Тюремные записки | страница 66



Но, действительно, приехал из Челябинска прокурор, сказал, что ему нужно во всем разобраться, а недели через три, когда им казалось, что все успокоилось, были получены письменные ответы — непосредственных убийц, вывезенных в Челябинск, ждет суд, других виноватых — нет. Поднять такую жестко и цинично контролируемую тюрьму (я лишь позже узнал, что происходит в рабочих камерах) было очень трудно, но удалось и началась почти всеобщая голодовка (по уголовным понятиям даже в случае коллективной голодовки никого нельзя к ней принуждать — каждый решает сам, рисковать ли ему жизнью. Но я ее не застал — для меня ничего не изменилось — прошло двадцать дней и я опять оказался на десять дней в карцере. Я уже успел привыкнуть — двадцать дней в обычной камере, десять — в карцере.

Я вряд ли бы выжил за оставшийся год при таком графике. Камера, из которой меня сейчас вели в карцер была не на первом, а на втором этаже тюрьмы. И чтобы туда подняться из подвала по узкой лестнице, мне приходилось двумя руками цепляться за железный поручень (держать руки за спиной от меня никогда не требовали). Некоторые дежурные даже помогали — поддерживали меня. Но не все.

Спасение пришло неожиданно. День на третий в карцере, в неурочное время открылась кормушка и какой-то дежурный, которого я никогда не увидел, глухо сказал — «Самому противна вся эта погань здесь. А вы не сдаетесь. Берите — жена дала мне перекусить». И дал небольшой сверток с двумя бутербродами с маслом и яйцом вкрутую. Оказалось, что не только между правильными хатами, но и между охранниками прошел слух, что в тюрьме появился такой необычный человек, как я. И этот охранник, у которого было постоянное отвращение к насилию царившему и насаждаемому оперчастью в тюрьме, инвалид войны, для которого не было другой работы в Верхнеуральске, каждый раз, когда слышал, что меня опять спустили в карцер, сам выражал желание дежурить в сыром и холодном подвале и отдавал мне приготовленный ему женой завтрак. На десять дней его дежурство приходились иногда два, иногда три раза. Но ни разу он меня не вел в карцер и не выводил из него, поэтому я его никогда не видел и не знал, а может быть не запомнил имя человека, которому, вероятно, обязан жизнью. Иногда вместо яйца на хлебе лежал пласт бекона из особо, никогда мной не виданного специальной выкормки поросенка, у которого равными слоями чередовались слои мяса и сала.
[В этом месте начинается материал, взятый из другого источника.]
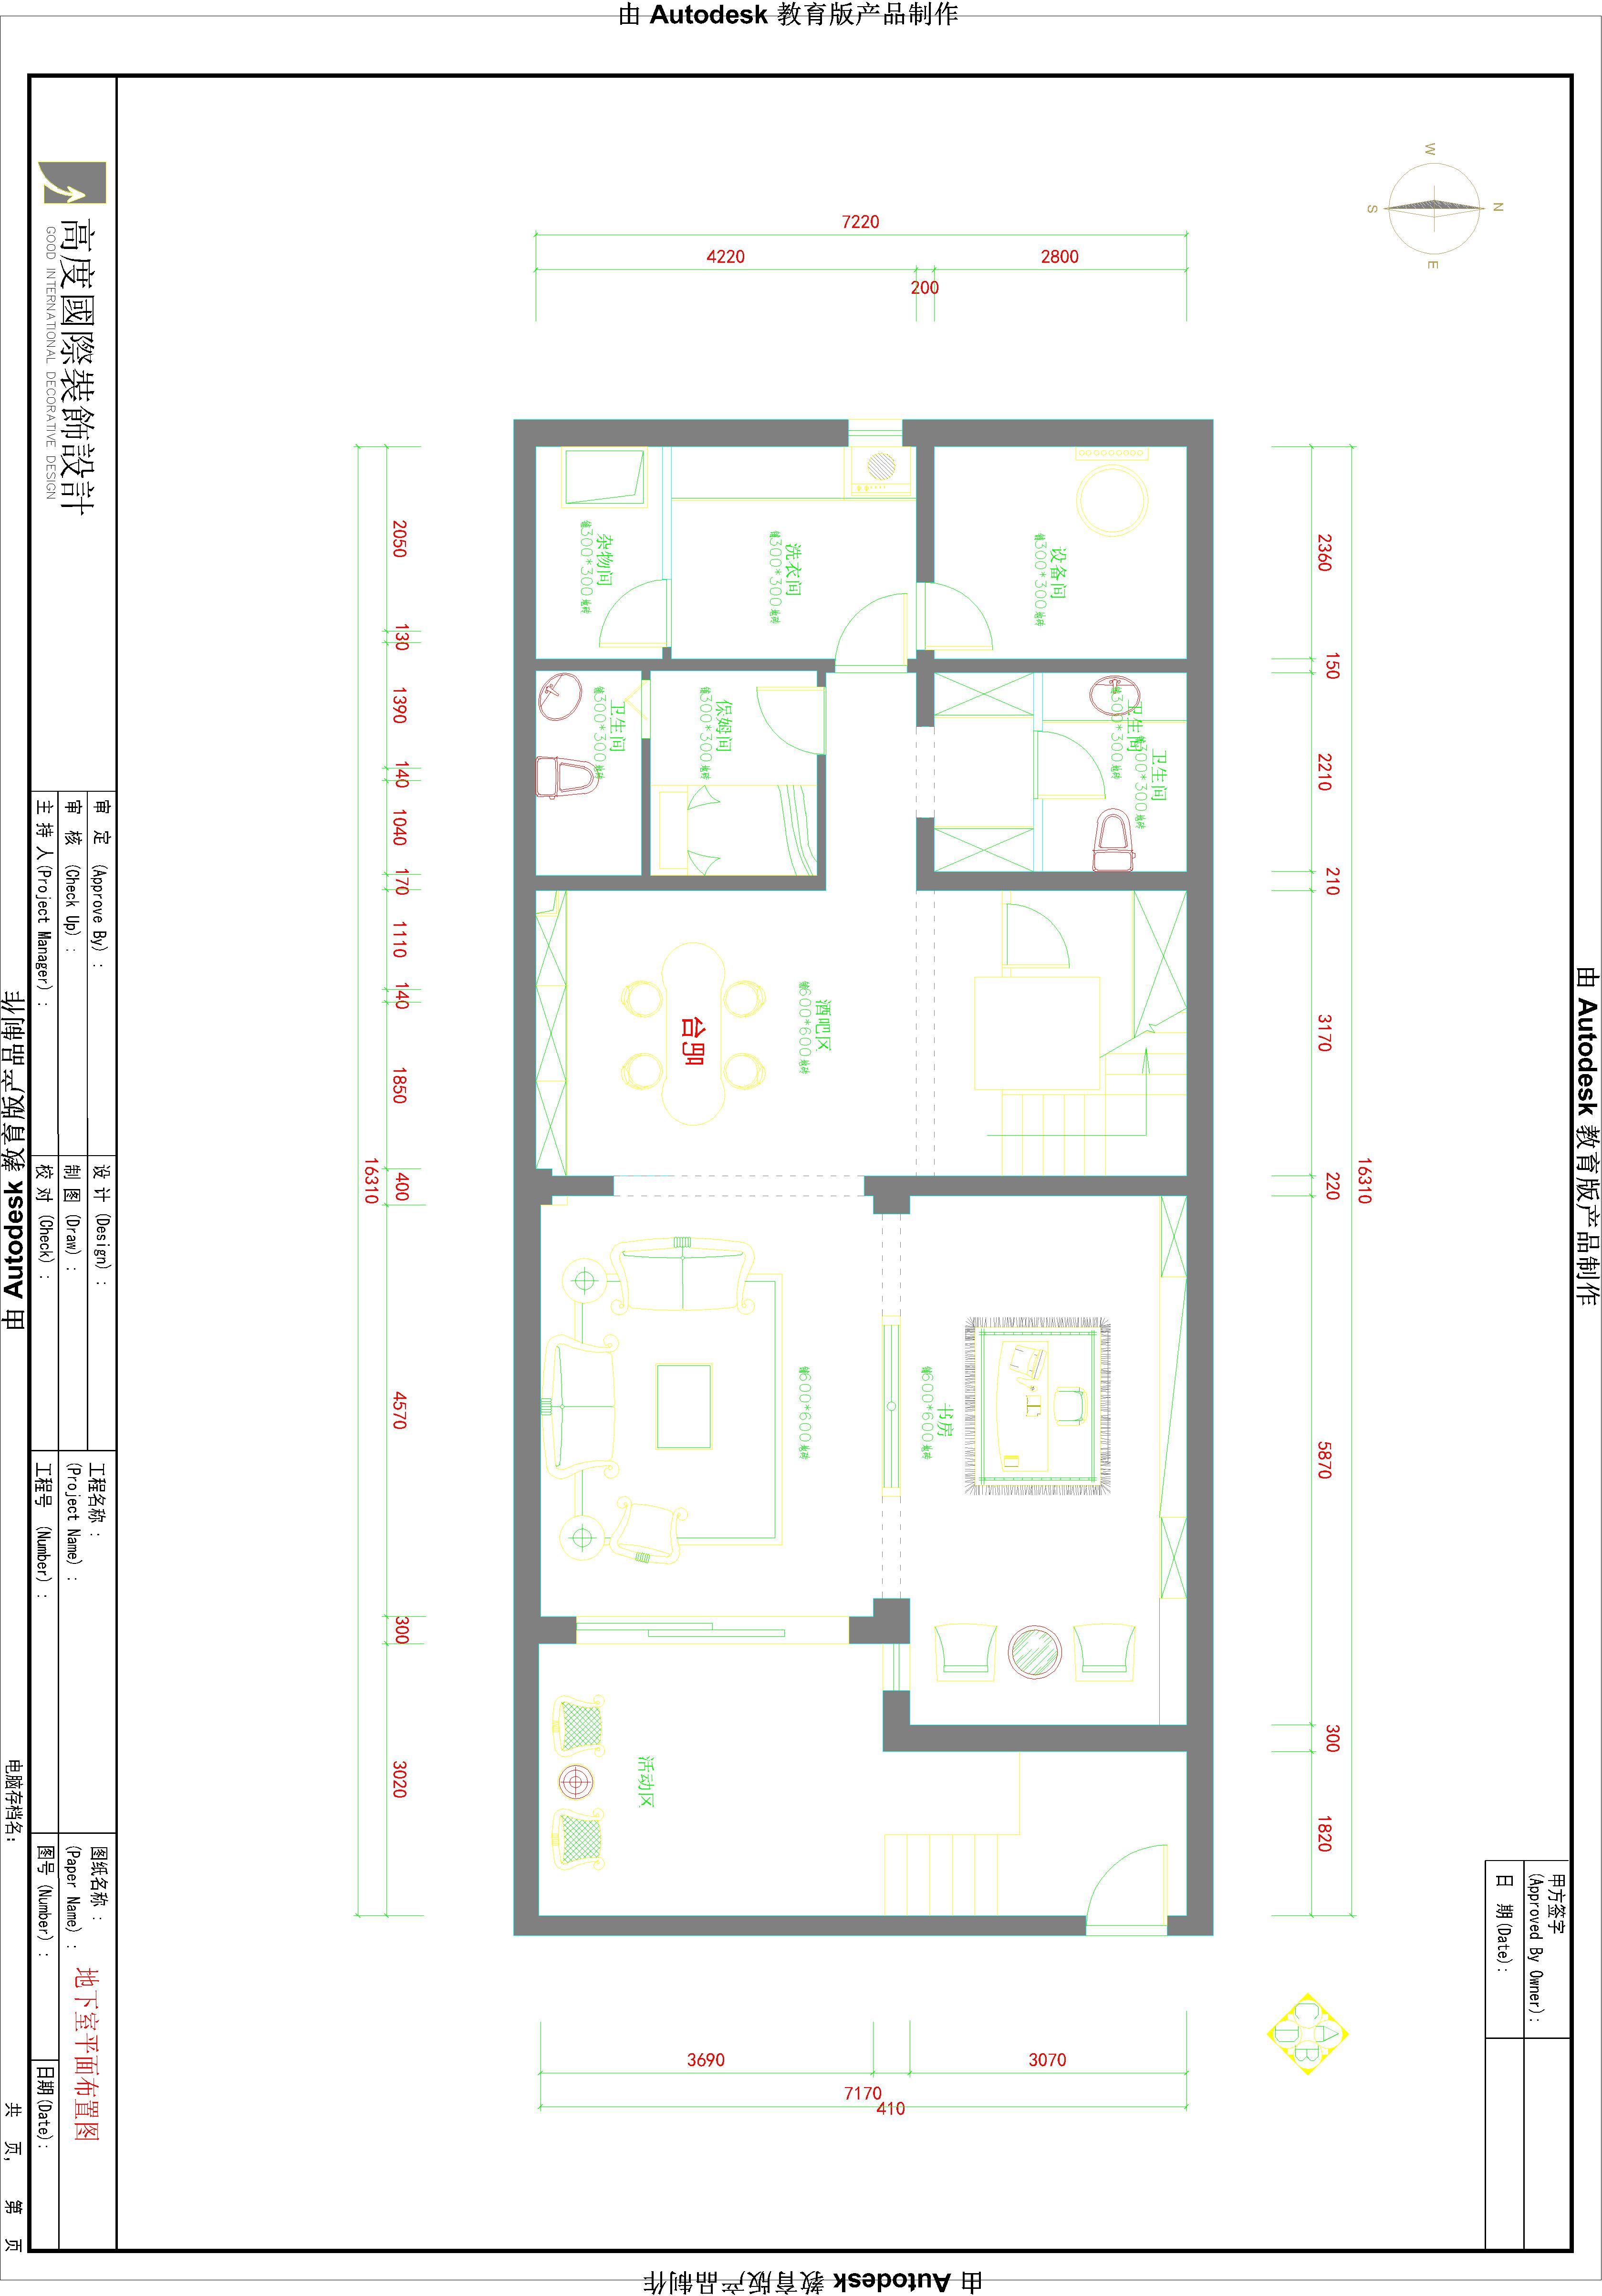 托斯卡纳 别墅 混搭 收纳 白领 高度国际 小清新 户型图图片来自高度国际王慧芳在天竺新新家园的分享

Да и вкус сваренного вкрутую яйца был так забыт мной за четыре года, что его аромат, почти благоухание просто разливался, наполнял изнутри все тело. Почти сорок лет забыть не могу. Однажды он открыл кормушку и сказал — «С женой поругался — ничего не дала». Но часа через два открыл кормушку опять и протянул вскрытую банку килек в томате — «Купил в магазине, что было».